El cambio principal que se producía en las personas consistía en el debilitamiento de su sentido de la individualidad mientras que, cada vez con mayor intensidad, advertían el sentido de la fatalidad.

«¿Quién soy en realidad? ¿Quién es la auténtica Sofía? -se preguntaba-. ¿Es la enclenque mocosa que tenía miedo de papá y la abuela, o la corpulenta, la irascible Sonia con los galones en el cuello, o la de hoy, la sucia y piojosa Sofía?»

El deseo de la felicidad se había evaporado, pero en su lugar habían aparecido infinidad de aspiraciones y proyectos: desembarazarse de los piojos… levantarse hasta la rendija y respirar un poco de aire puro… poder orinar… lavarse al menos un pie… y además el deseo, el deseo vivo en todo el cuerpo, de beber.

La habían arrojado en aquel vagón y, mientras miraba en la penumbra, que en un primer momento le había parecido oscuridad total, había oído una risa en voz baja.

– ¿Es que hay locos que ríen aquí dentro? -preguntó.

– No -respondió una voz de hombre-, estamos contándonos chistes.

Alguien musitó melancólicamente:

– Una judía más en nuestro desventurado convoy.

De pie al lado de la puerta, Sofía Osipovna entornaba los ojos para acostumbrarse a la oscuridad y respondía a las preguntas que le hacían.

Además de los llantos, los gemidos, el hedor, la envolvió una atmósfera de palabras y entonaciones olvidadas desde la infancia…

Sofía Ósipovna quiso adentrarse más en el vagón, pero no pudo avanzar. Notó una pierna delgadita con pantalones cortos y se disculpó:

– Perdóname, pequeño, ¿te he hecho daño?

Pero el muchacho no respondió. Entonces dijo dirigiéndose a la oscuridad:

– ¿La mamá de este niño mudo podría decirle que se moviera? No puedo quedarme todo el rato de pie.

Desde un rincón se oyó una voz de hombre teatral, histérica:

– Tendría que haber enviado un telegrama de antemano, entonces le habríamos reservado una habitación con baño.

– Imbécil -profirió Sofía Osipovna.

Una mujer cuya cara ya podía distinguir en la penumbra dijo:

– Siéntese a mi lado, aquí hay sitio de sobra.

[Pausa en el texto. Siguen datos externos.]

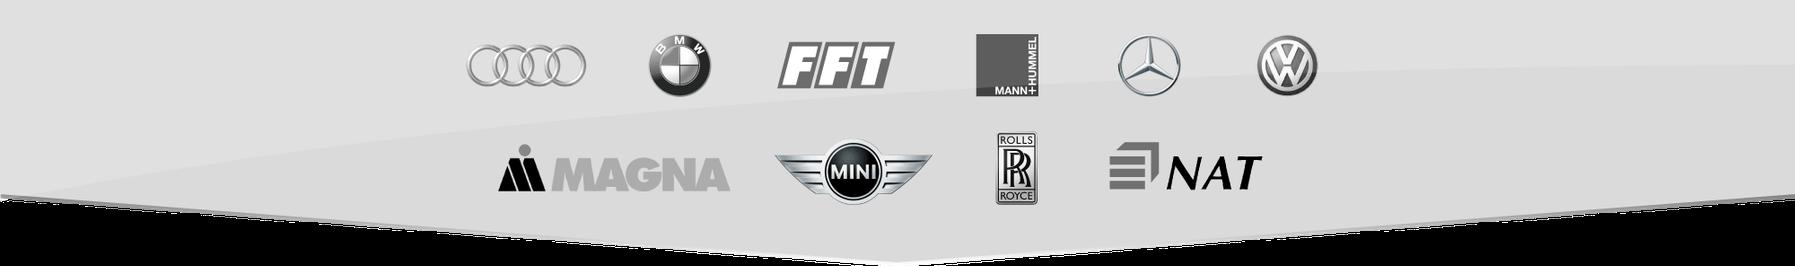 RTB und seine Referenzen: Ob Audi, BMW, Mercedes, VW oder Rolls Royce - zu unseren Kunden zählt das Who is Who der Automobilbranche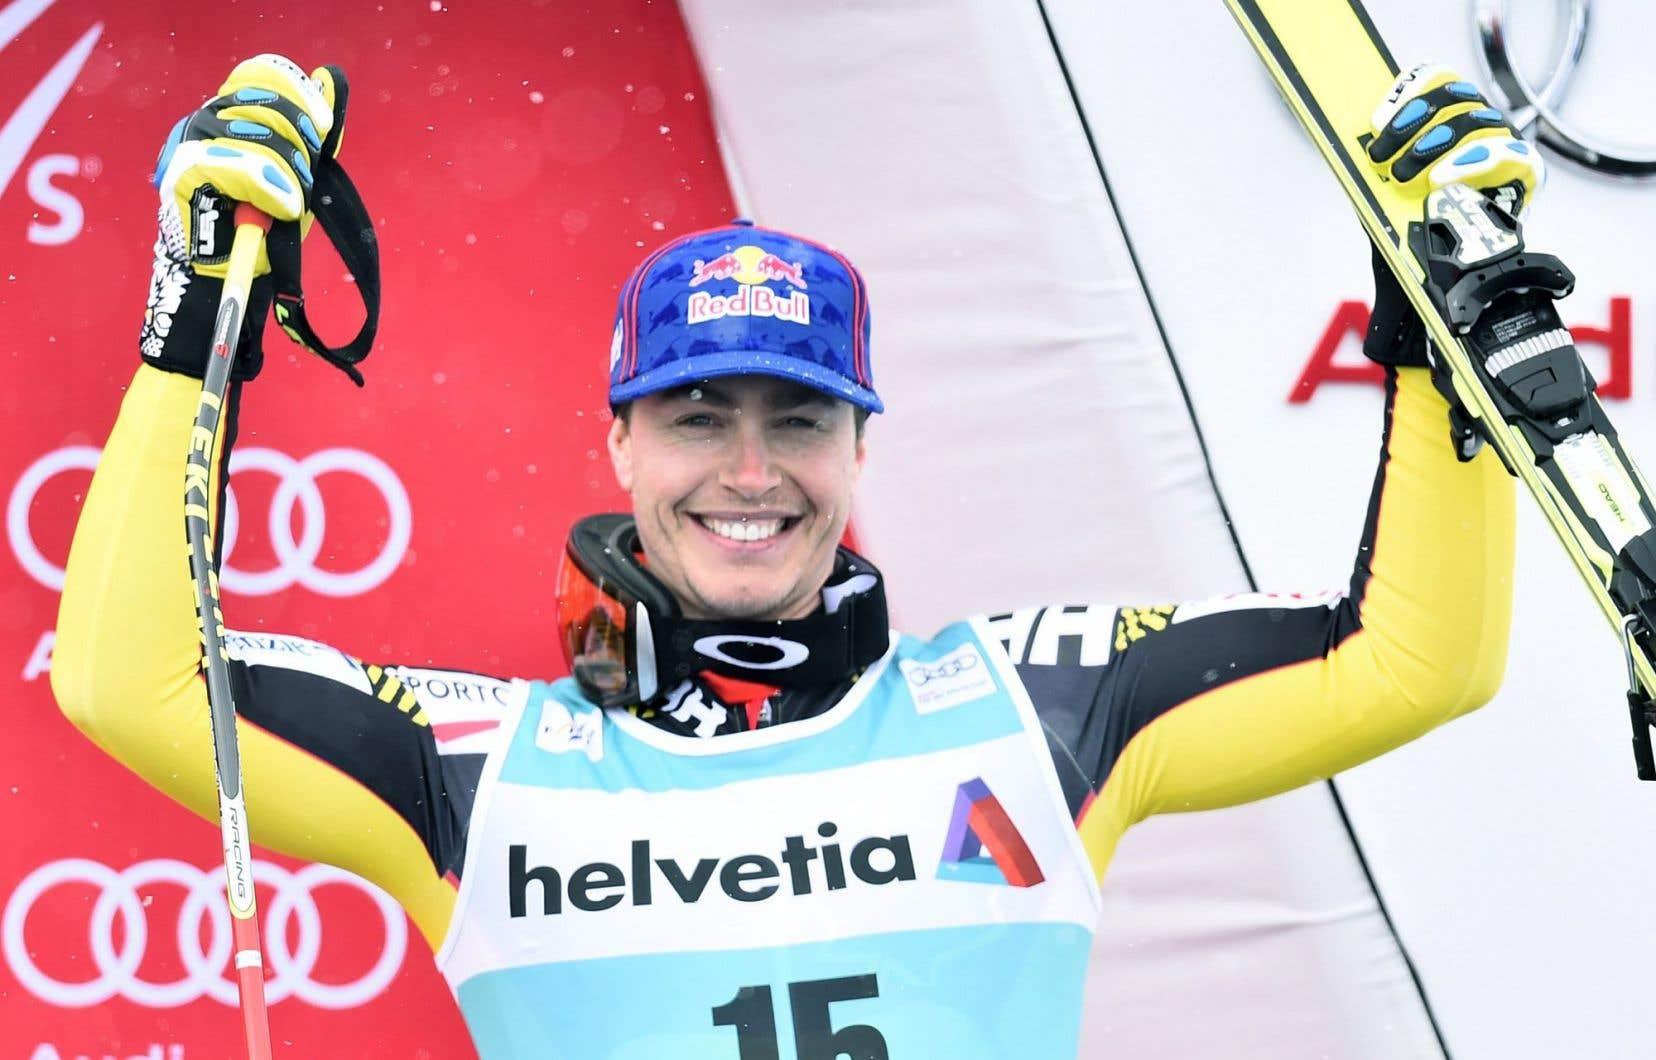 Erik Guay a terminé en 3eplace de l'épreuve de descente des finales de la Coupe du monde de ski alpin à Saint-Moritz.

Sofía Osipovna sintió que se apoderaba de sus dedos un temblor rápido, ligero.

Era el mundo de su infancia, el mundo de los shtetl, y pudo constatar cómo había cambiado todo.

En el vagón había trabajadores de cooperativas, radio-técnicos, estudiantes de una escuela de magisterio, profesores de un instituto profesional, un ingeniero de una fábrica de conservas, un zootécnico, una chica veterinaria. Antes en los shtetl no se conocían aquellas profesiones. Pero Sofía Ósipovna no había cambiado, seguía siendo la misma niña que tenía miedo de papá y la abuela. ¿Era posible que aquel mundo, en el fondo, tampoco hubiera cambiado? Por otra parte, ¿qué importancia tenía? Viejo o nuevo, el mundo del shtetl rodaba hacia el abismo.